Ttracker - How it Works

2010-02-12 Moving docs to http://n2.talis.com/wiki/Ttracker

Source code under http://hyperdata.org/svn/ttracker/ highlighted on Wiki at http://hyperdata.org/wiki/browser/ttracker

Client-side

HTML pages you wish to track should contain a block of Javascript which will do an AJAX call to a server-side PHP script. This Javascript looks like this:

<!-- Ttracker -->
<script type="text/javascript">
document.write(unescape("%3Cscript src='http://hyperdata.org/ttracker/js/tt.js' type='text/javascript'%3E%3C/script%3E"));
var tracker = new Tracker();
var url = tracker.getEscapedUrl();
var datetime = tracker.getEscapedDateTime();
var form = "%3Cform name='ttracker' action='http://hyperdata.org/ttracker/php/tracker.php' method='post'%3E"
         + "%3Cinput type='text' name='url' value='"+url+"' /%3E"
         + "%3Cinput type='text' name='datetime' value='"+datetime+"' /%3E"
         + "%3C/form%3E";
document.write(unescape(form));
document.ttracker.submit();
</script>
<!-- End Ttracker block --> 

The auxiliary script tt.js pulls out the page URI etc. from HTML DOM and generates a timestamp. These are passed to the server through a POST call from a dynamically-created HTML FORM (above).

see: index.html

Server-side

The server-side handling is achieved through a bunch of PHP scripts. Processing flow occurs through tracker.php.
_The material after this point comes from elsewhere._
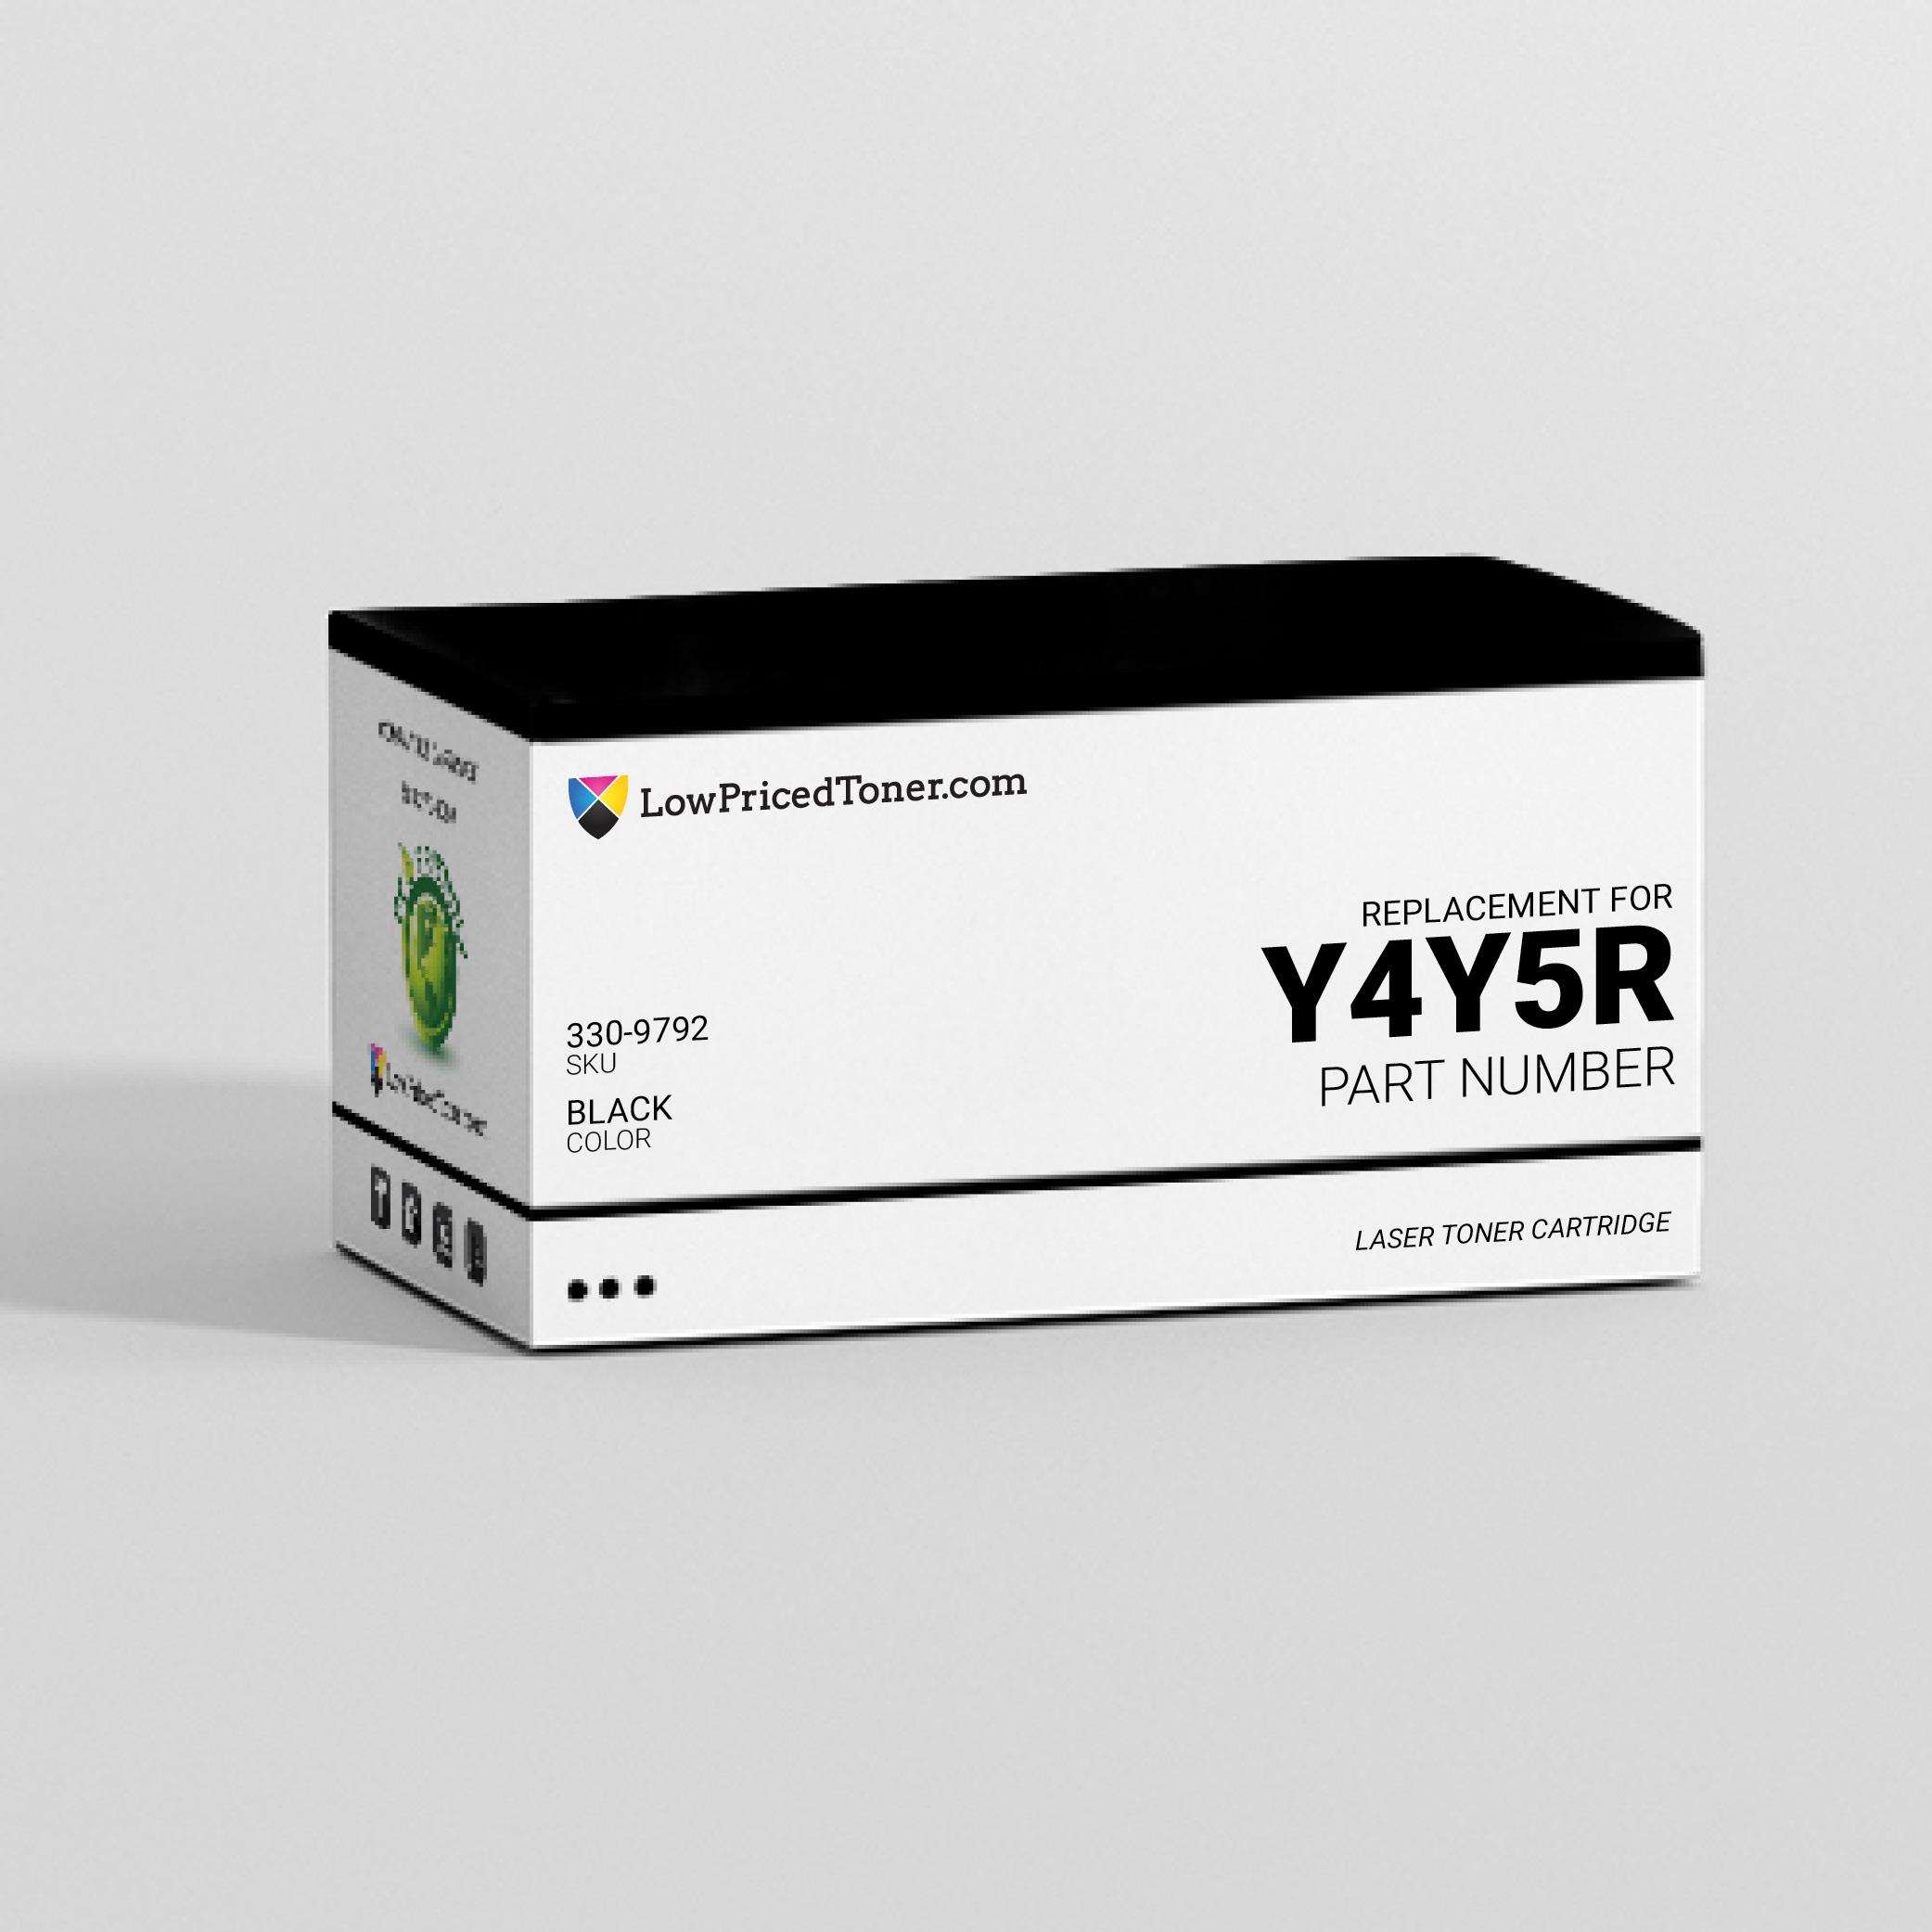 Dell 330-9792 Y4Y5R Remanufactured Black Laser Toner Cartridge

Although the scripts do take a second or two to run, this is unlikely to be an issue as the server-side calls are asynchronous and so shouldn't affect normal browser activity.
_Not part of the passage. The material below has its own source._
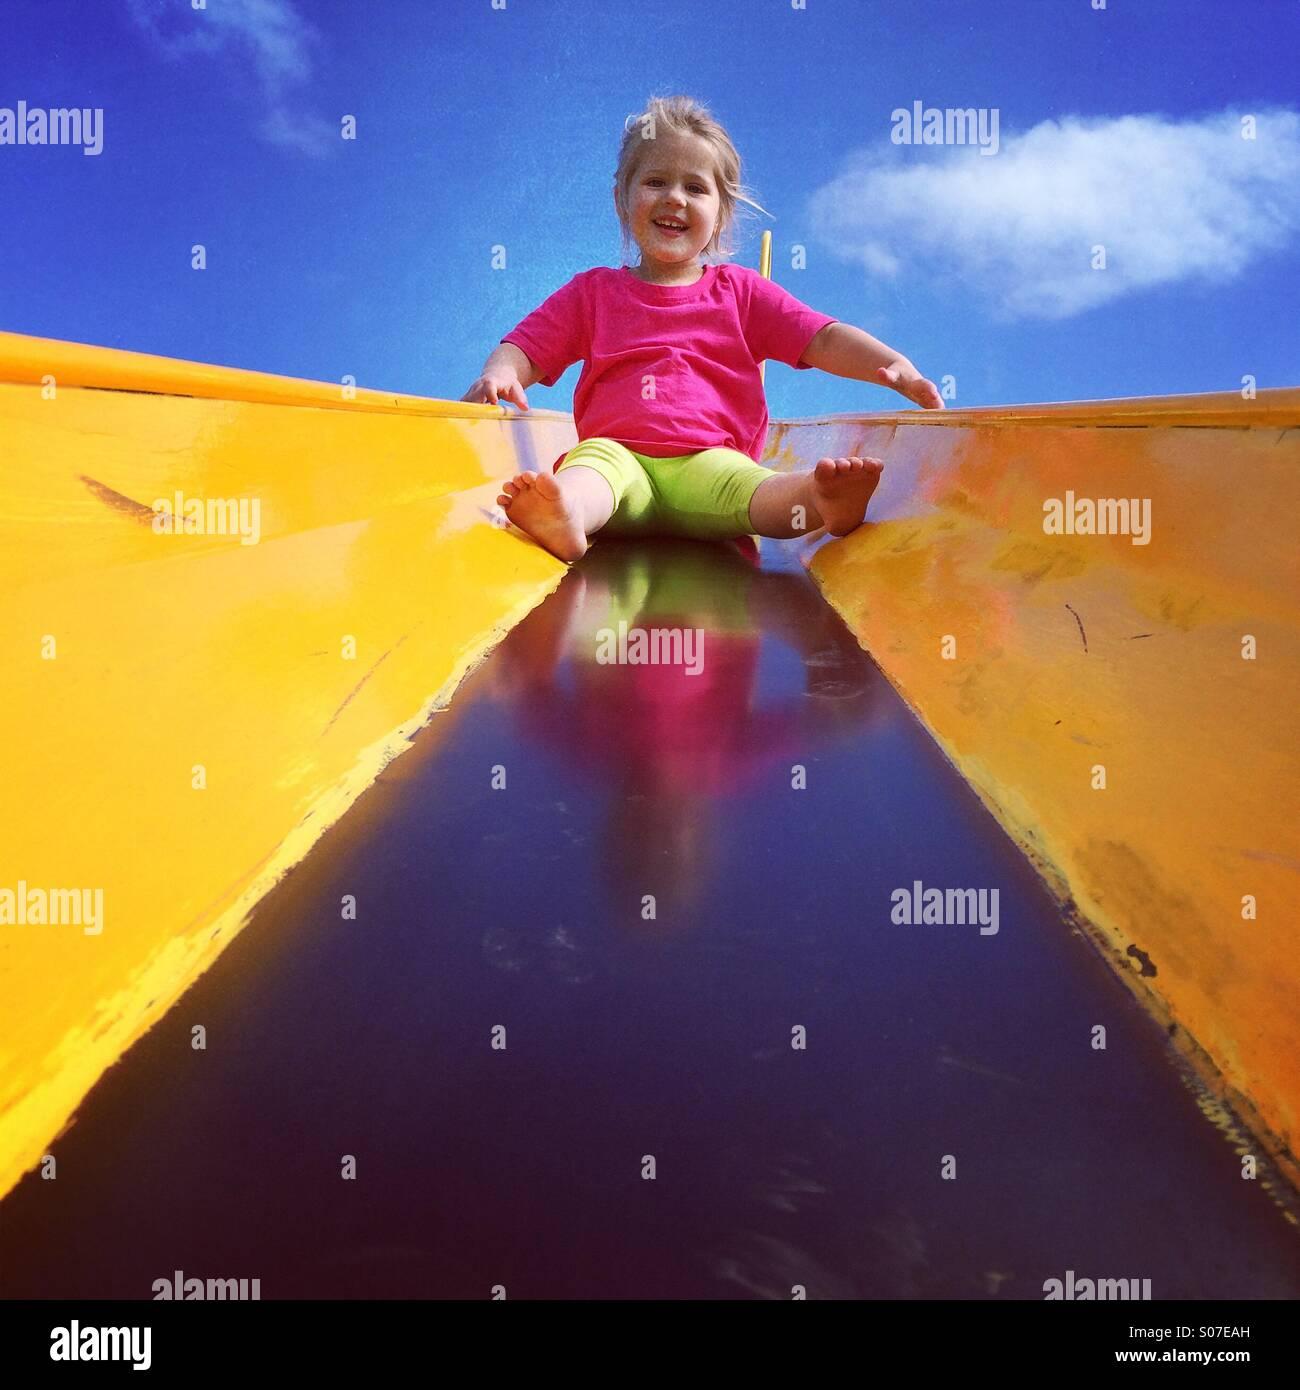 Play park - Stock Image

The basic processing sequence is as follows:

  • Request data is obtained (including values passed through POST call)
  • Data is RDFized (with helper requestrdf.php)
  • RDF is POSTed to Store
  • A SPARQL ASK query is run against the store to see if the target page itself has been analysed yet (the triple <pageURI> rdf:type foaf:Document is used as a flag)
  • ... If the page hasn't been analysed, disembed.php is used to parse out any embedded data
  • ... Flag triple is added (still in disembed.php)
  • ... Resulting RDF (plus flag triple) is POSTed to store

The current version includes some custom logging (via Apache) for debugging purposes.